Lo que comenzó como una simple actividad de caza terminó convirtiéndose en una de las peores invasiones biológicas registradas en la historia.
En 1859, el terrateniente inglés Thomas Austin liberó 24 conejos europeos en una propiedad de Victoria, Australia. Décadas después, aquellos pocos animales se habían multiplicado hasta transformar ecosistemas enteros, destruir cultivos y obligar al país a gastar millones para intentar controlar la expansión.
Los científicos consideran el caso australiano uno de los ejemplos más claros de cómo una especie introducida fuera de su ambiente natural puede desencadenar consecuencias imprevisibles durante generaciones.

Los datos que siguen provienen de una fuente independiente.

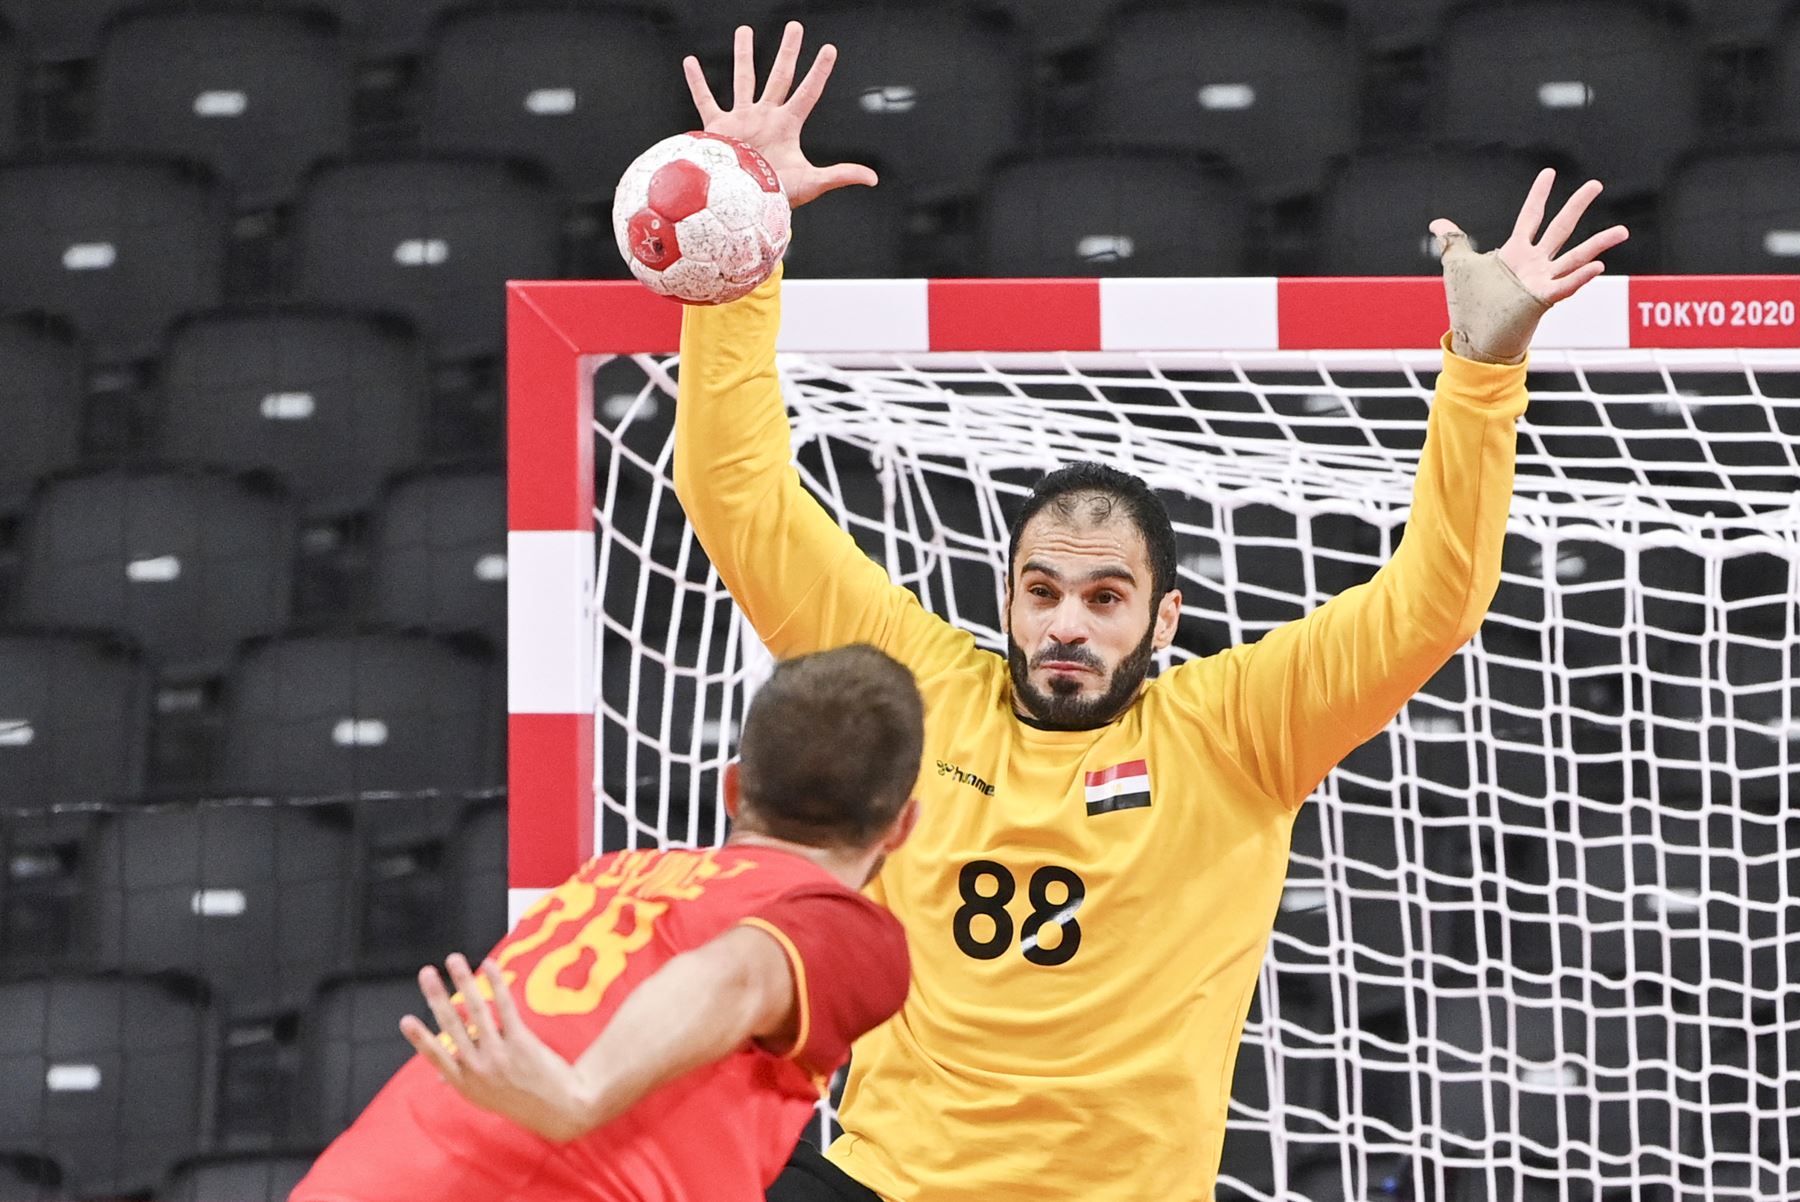 El portero egipcio Karim Hendawy intenta detener un disparo durante el partido de balonmano por la medalla de bronce masculina entre Egipto y España de los Juegos Olímpicos de Tokio 2020. Foto: AFP

¿Por qué llevaron 24 conejos a Australia en 1859?
En aquel momento, la decisión parecía inofensiva. Thomas Austin había llegado desde Inglaterra y quería mantener una tradición de su país natal: organizar jornadas de caza deportiva.
Para conseguirlo, pidió que le enviaran conejos europeos y los liberó en su propiedad Barwon Park, en Victoria. Nunca imaginó que esos 24 ejemplares encontrarían en Australia un ambiente ideal para reproducirse.

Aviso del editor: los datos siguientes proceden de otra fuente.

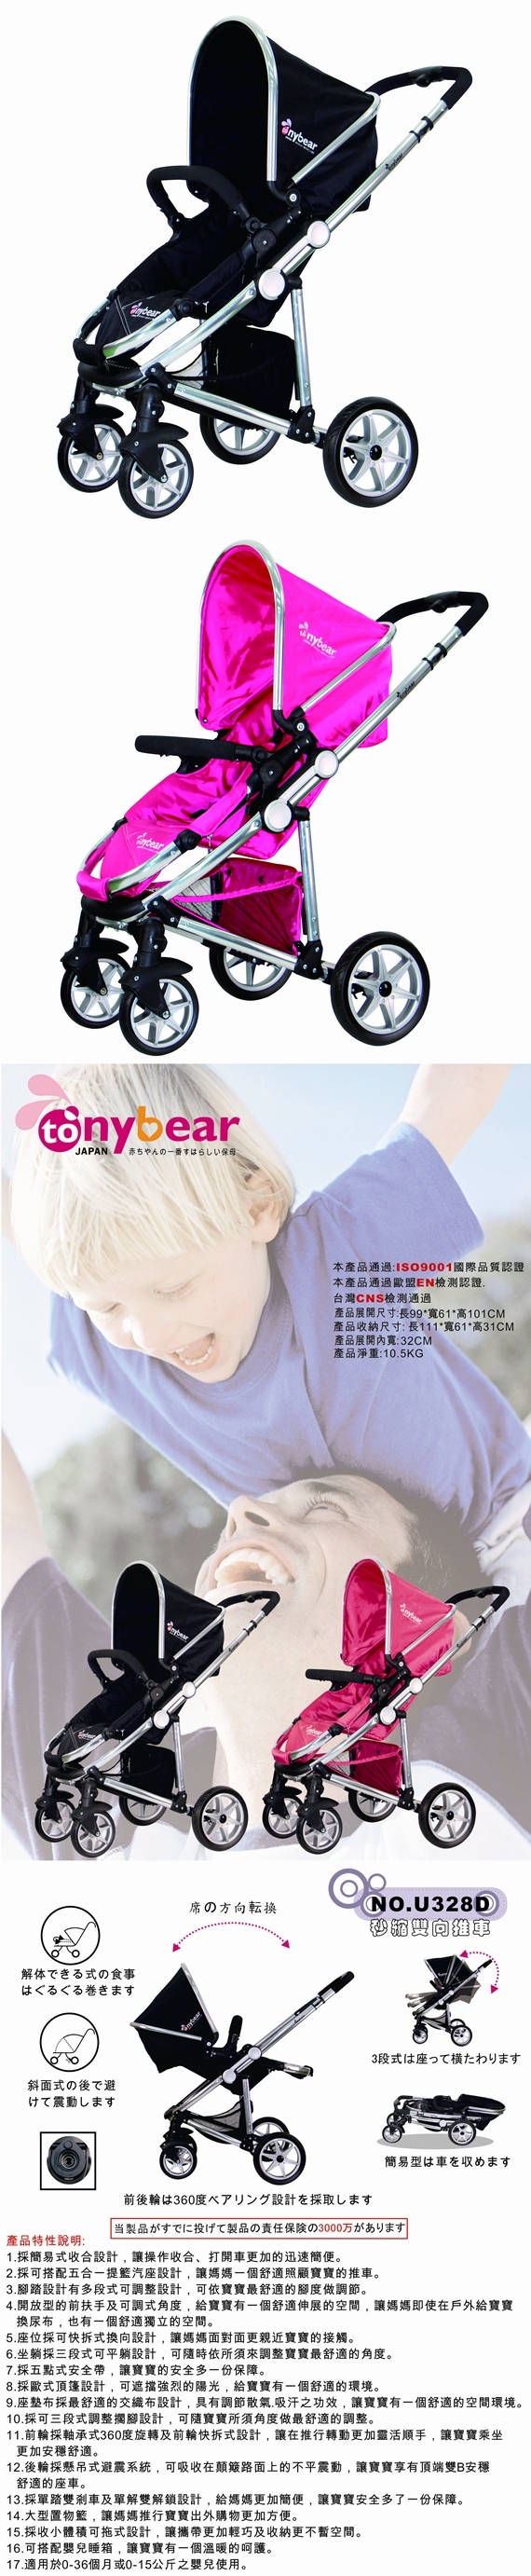 湯尼熊TonyBear-U型RV雙向嬰兒推車(黑色/桃紅)U328D+嬰兒睡箱

El territorio ofrecía grandes extensiones de tierra, abundante alimento y pocos depredadores capaces de controlar su crecimiento. En poco tiempo, la población comenzó a aumentar a una velocidad que sorprendió incluso a los agricultores de la época.
¿Cómo 24 conejos se convirtieron en una plaga que cambió Australia?
Durante las décadas siguientes, los conejos avanzaron por enormes zonas del país. Su capacidad reproductiva hizo que la población creciera de manera explosiva y afectara tanto a la agricultura como al ecosistema.
Los animales consumían grandes cantidades de vegetación, destruían cultivos, dañaban pastizales utilizados por el ganado y competían con especies nativas por alimento y refugio.
A finales del siglo XIX, el problema ya era considerado una emergencia nacional. Las autoridades comenzaron a buscar métodos para frenar una invasión que parecía imposible de detener.
Uno de los proyectos más ambiciosos fue la construcción de la Rabbit-Proof Fence, una barrera que llegó a superar los 3.000 kilómetros de extensión y buscaba impedir el avance de los conejos hacia nuevas regiones.
Sin embargo, la velocidad de expansión de los animales convirtió la lucha en una batalla constante.
¿Qué hizo Australia para intentar eliminar la plaga de conejos?
Durante el siglo XX, Australia probó diferentes estrategias para reducir la población.
En la década de 1950 introdujo la mixomatosis, una enfermedad que afectaba a los conejos europeos y provocó una fuerte disminución inicial. Millones de ejemplares murieron, pero con el paso del tiempo algunos desarrollaron resistencia al virus.
Décadas después se utilizó el virus hemorrágico del conejo, una nueva herramienta que volvió a reducir la población en algunas zonas, aunque tampoco logró erradicarlos por completo.
Más de 160 años después de aquella liberación inicial, los conejos salvajes siguen siendo un problema ambiental y económico para Australia.
¿Qué enseñó la invasión de conejos en Australia?
La historia de los 24 conejos se convirtió en un caso estudiado por científicos de todo el mundo porque demuestra cómo una decisión aparentemente pequeña puede modificar un ecosistema completo.
Los especialistas destacan varias lecciones:
- una especie introducida puede multiplicarse rápidamente cuando no tiene controles naturales;
- los ecosistemas pueden reaccionar de formas inesperadas;
- controlar una invasión biológica puede llevar décadas;
- una decisión tomada en un momento puede generar consecuencias durante siglos.
Lo que comenzó como una simple jornada de caza en 1859 terminó convirtiéndose en una de las mayores advertencias sobre los riesgos de alterar el equilibrio de la naturaleza.